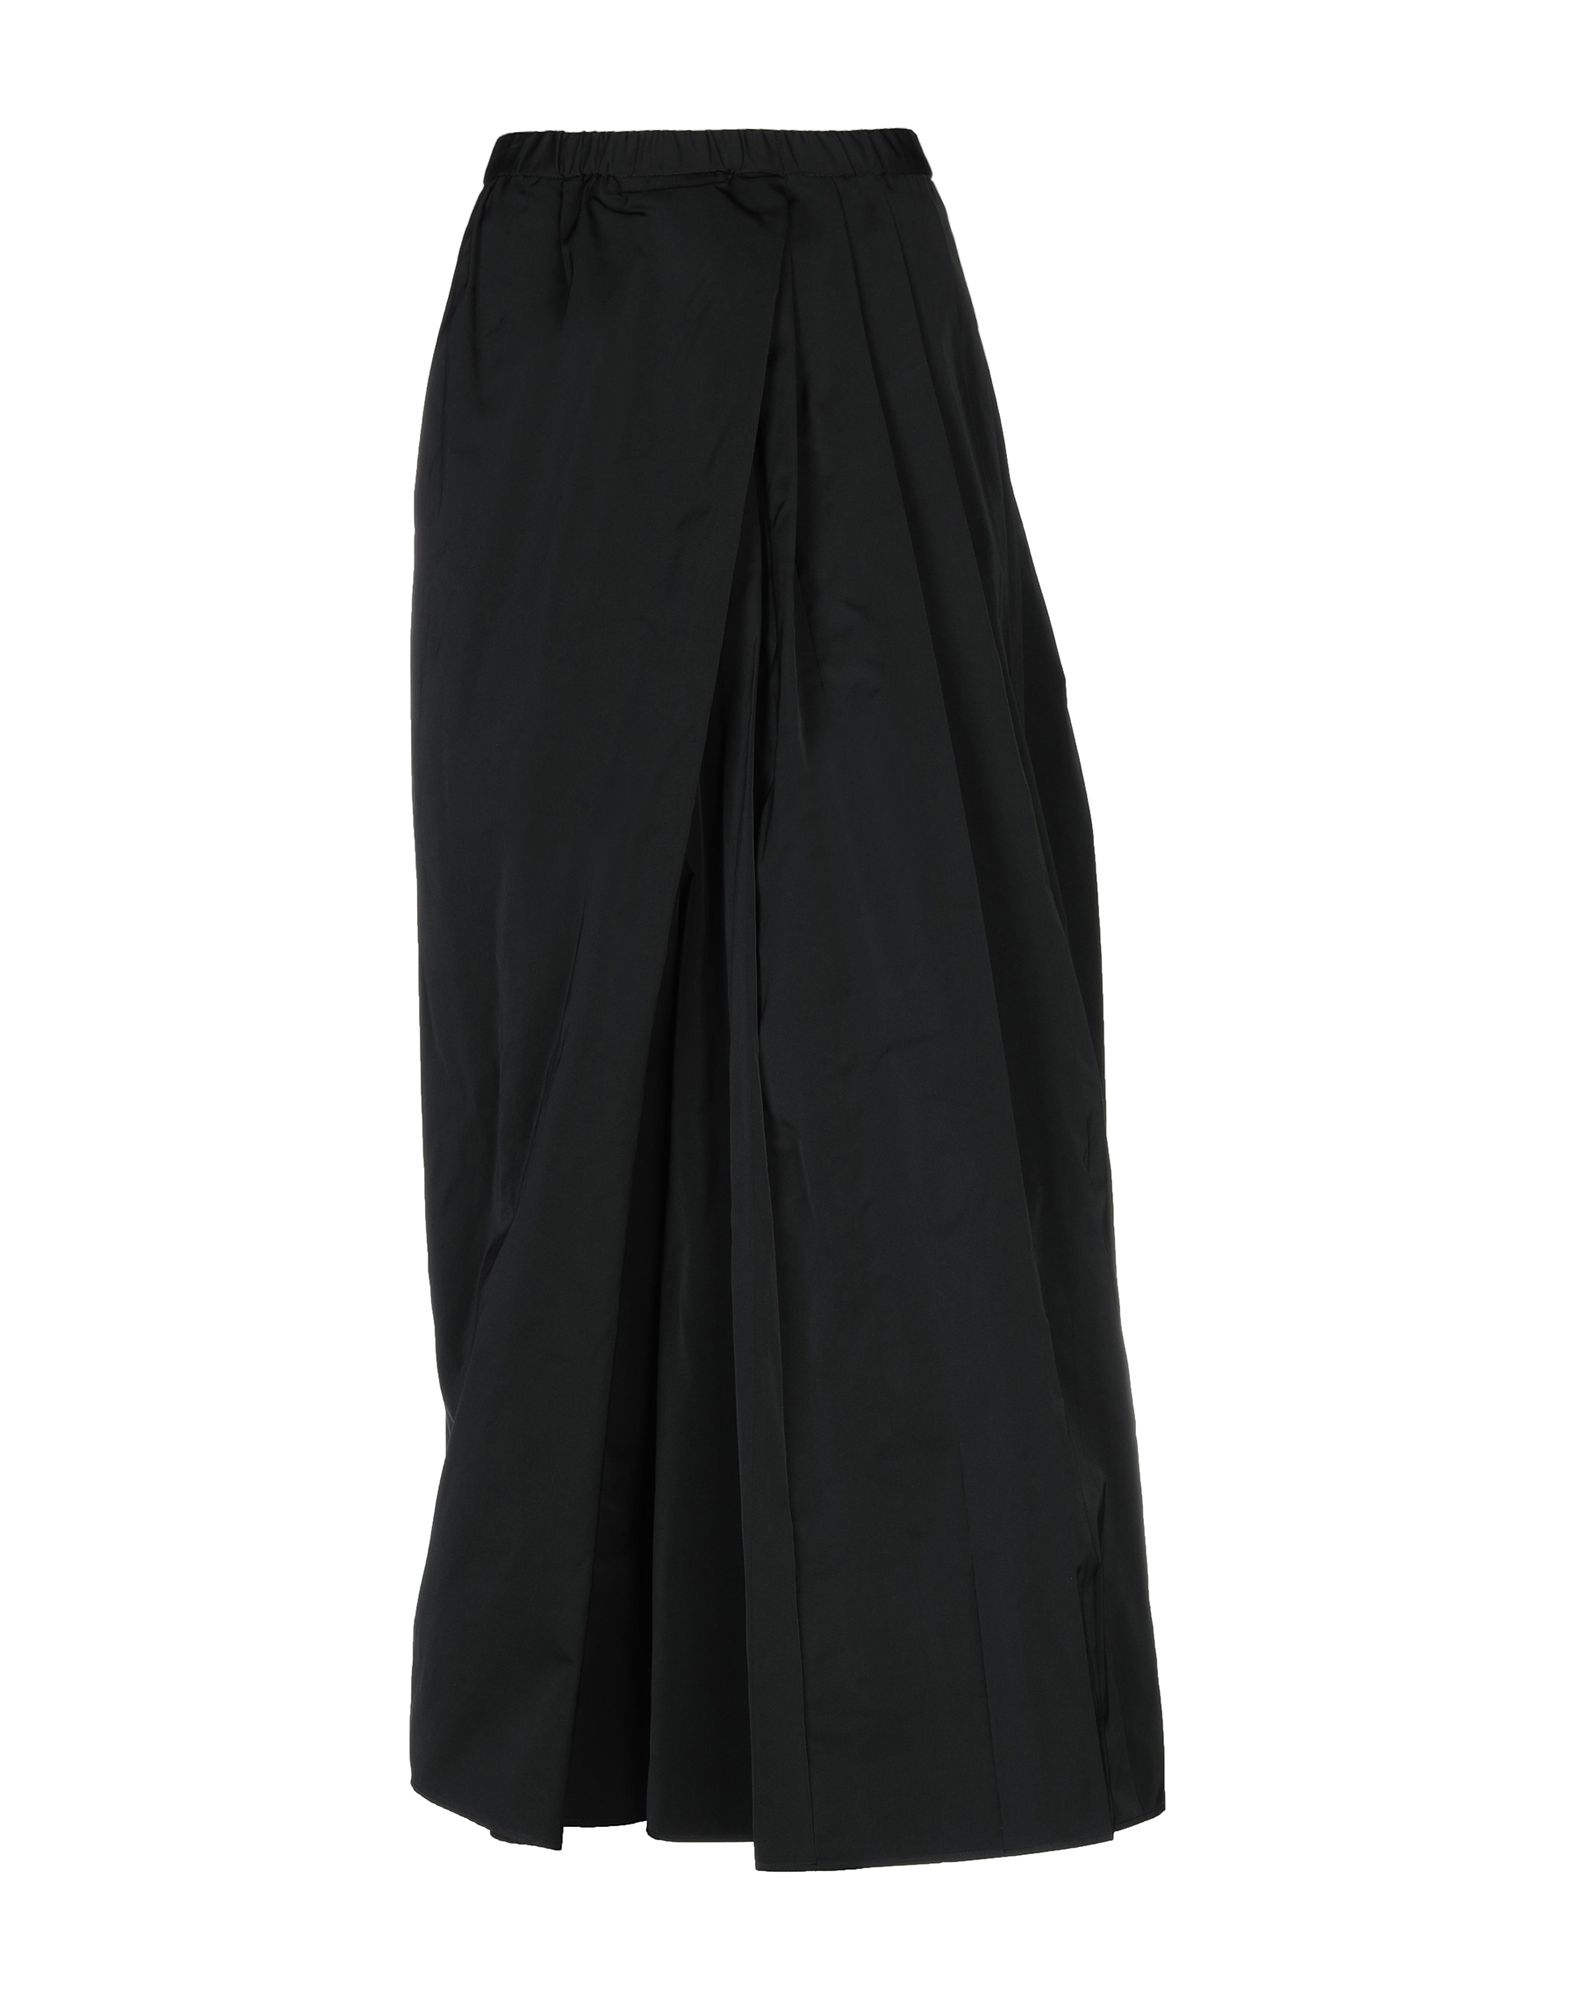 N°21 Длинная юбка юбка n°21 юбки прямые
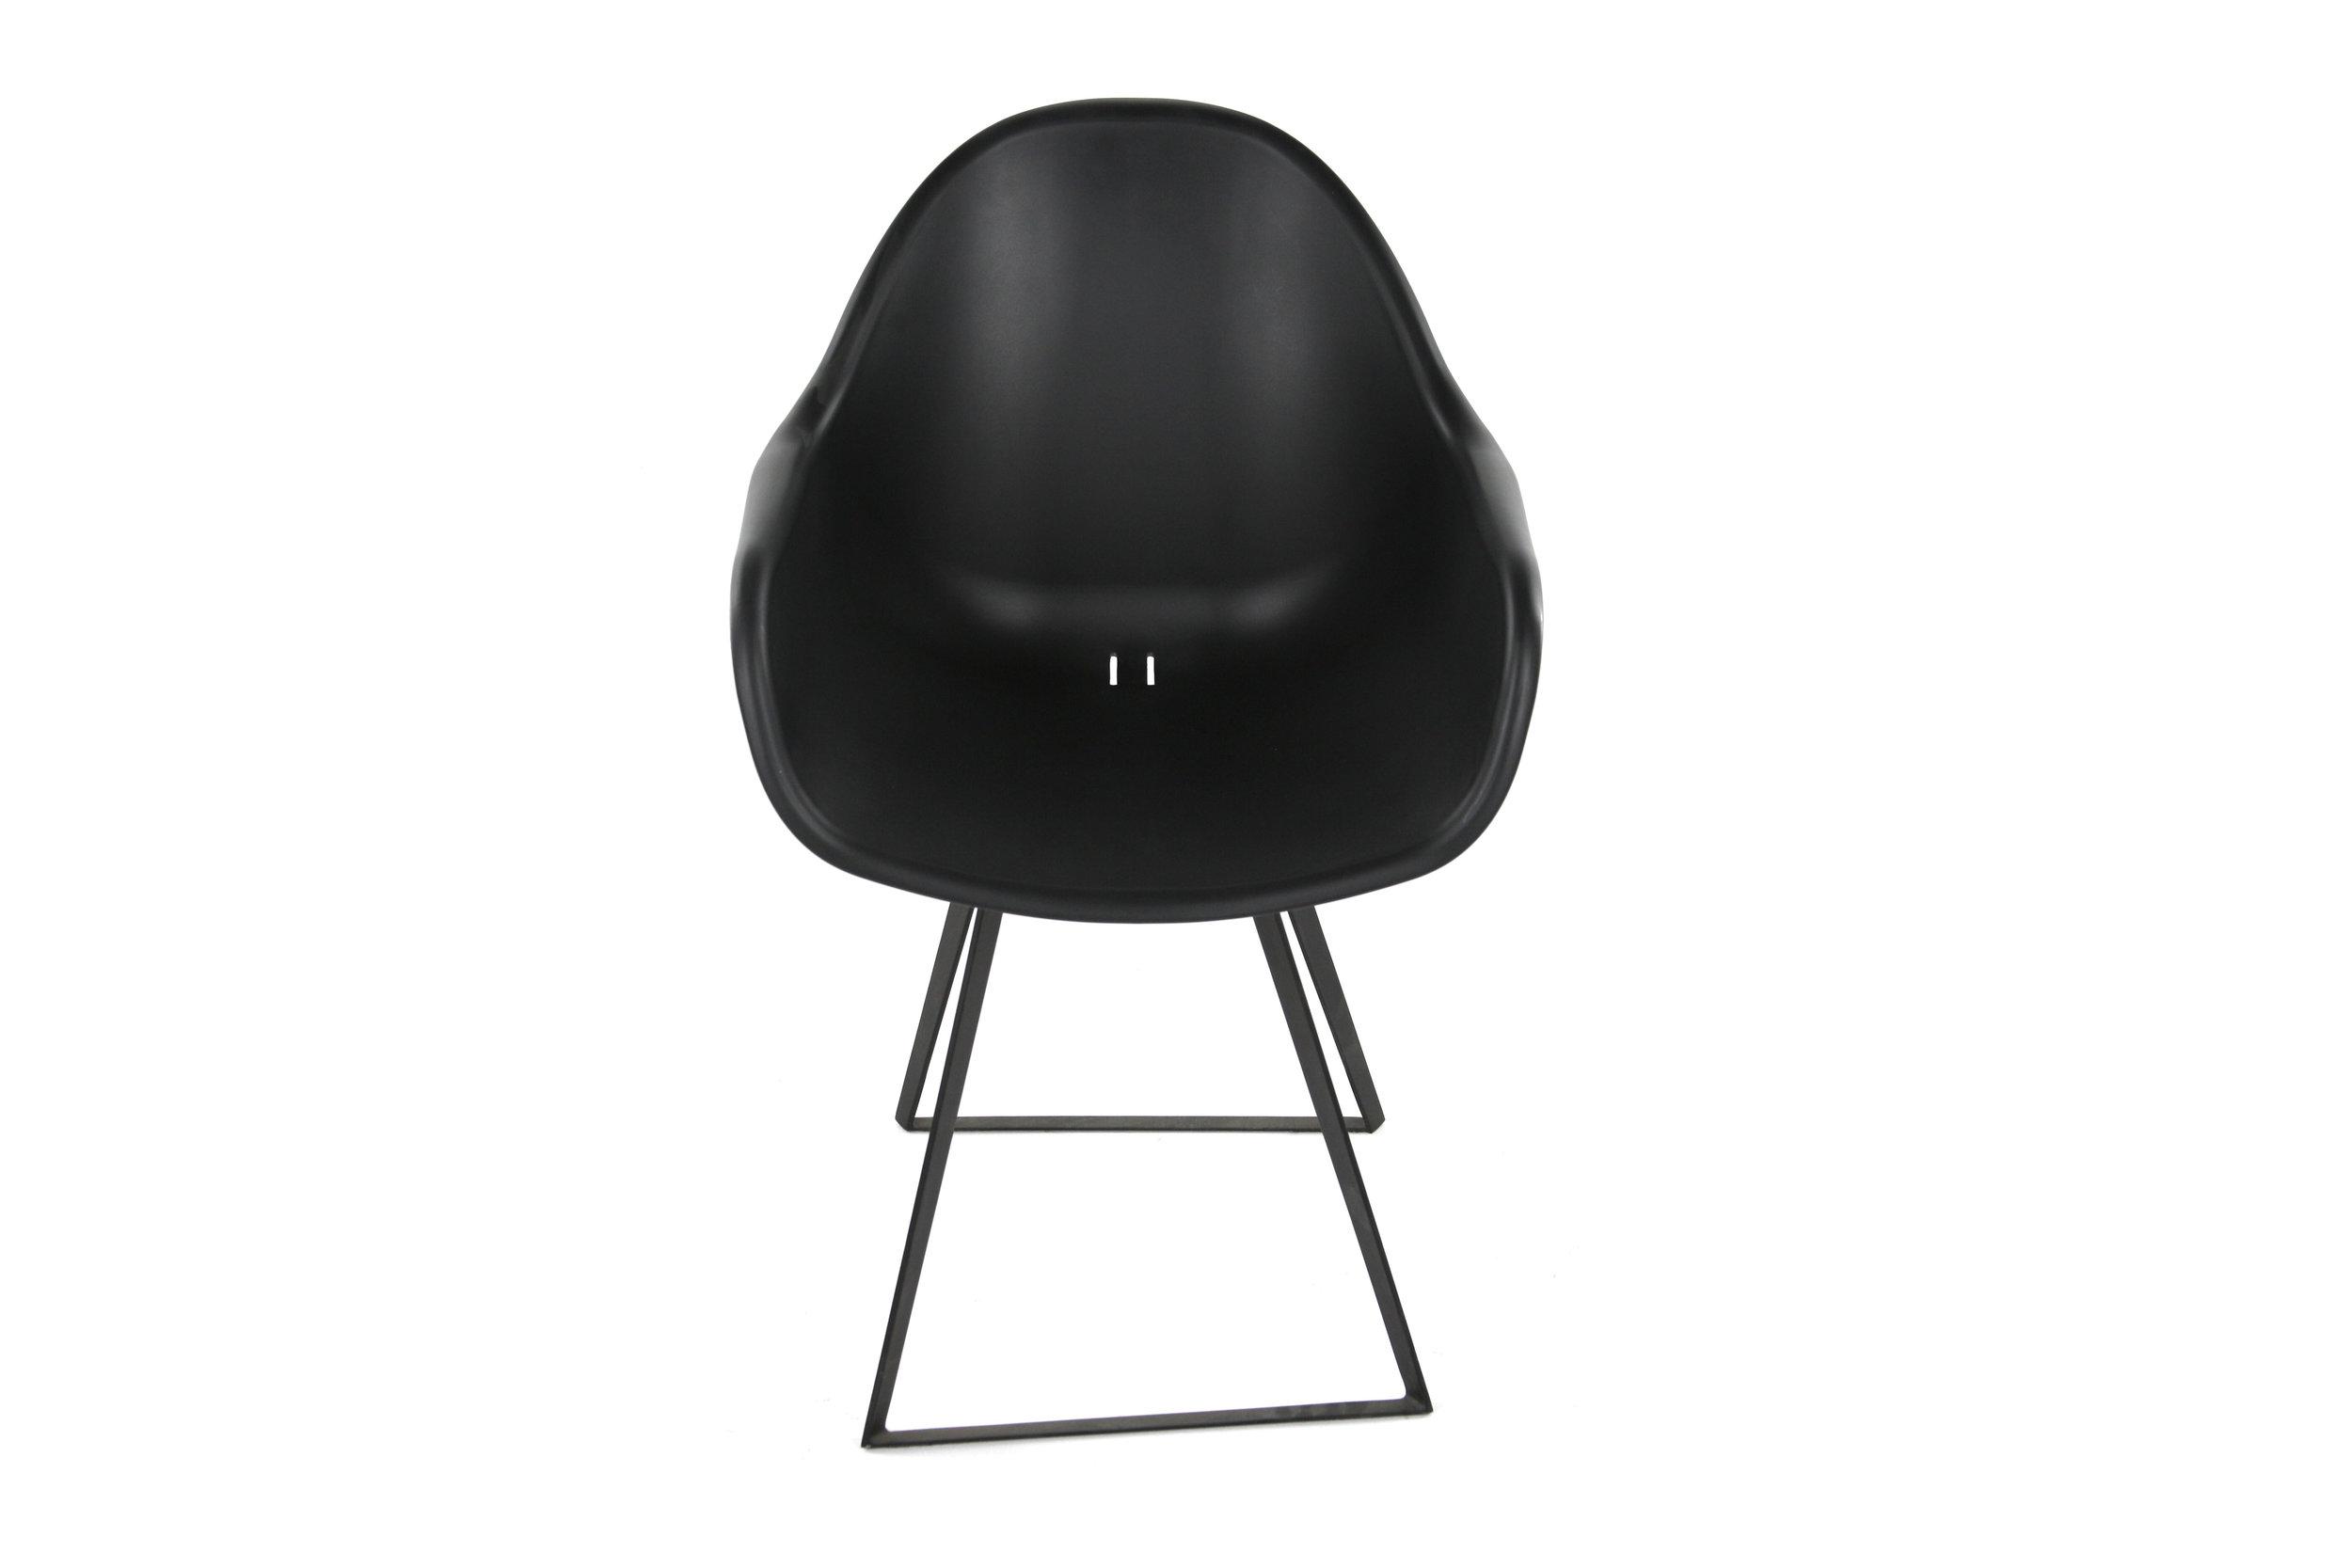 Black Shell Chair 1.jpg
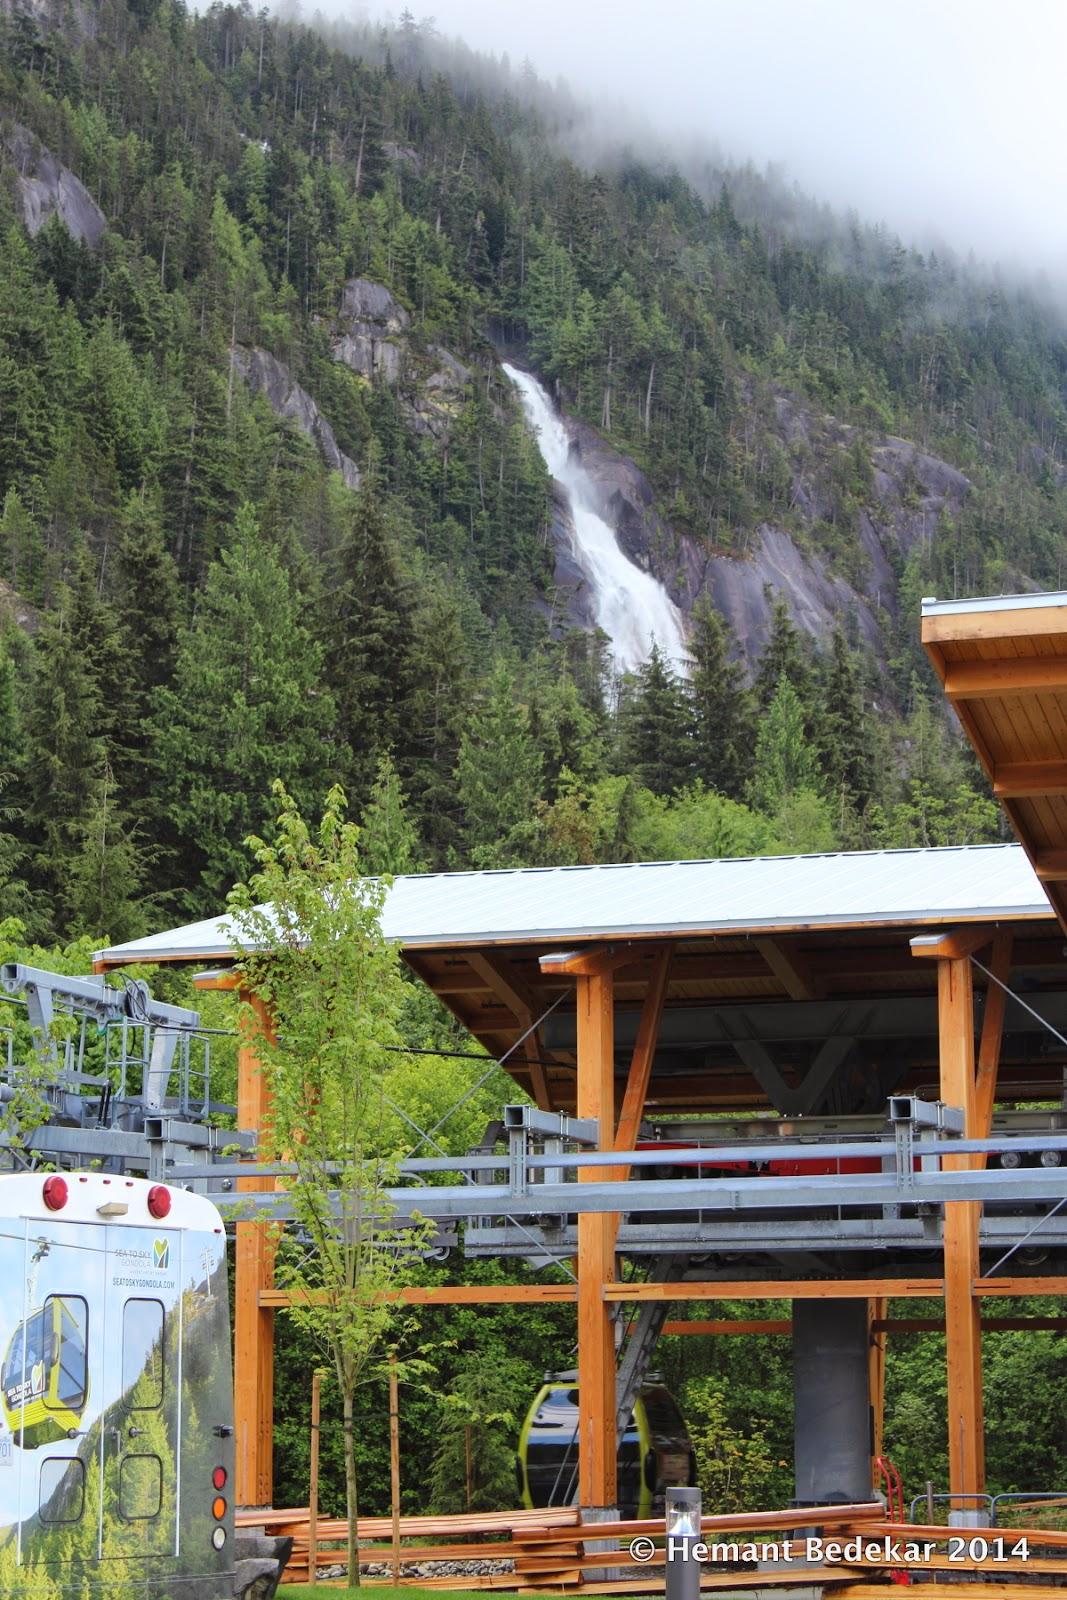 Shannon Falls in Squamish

Exercise instructions: Pictures stay out; everything else in the listing above is to be repeated exactly.

Response for this exercise:
 N°21 Длинная юбка юбка n°21 юбки прямые
 Black Shell Chair 1.jpg
 Shannon Falls in Squamish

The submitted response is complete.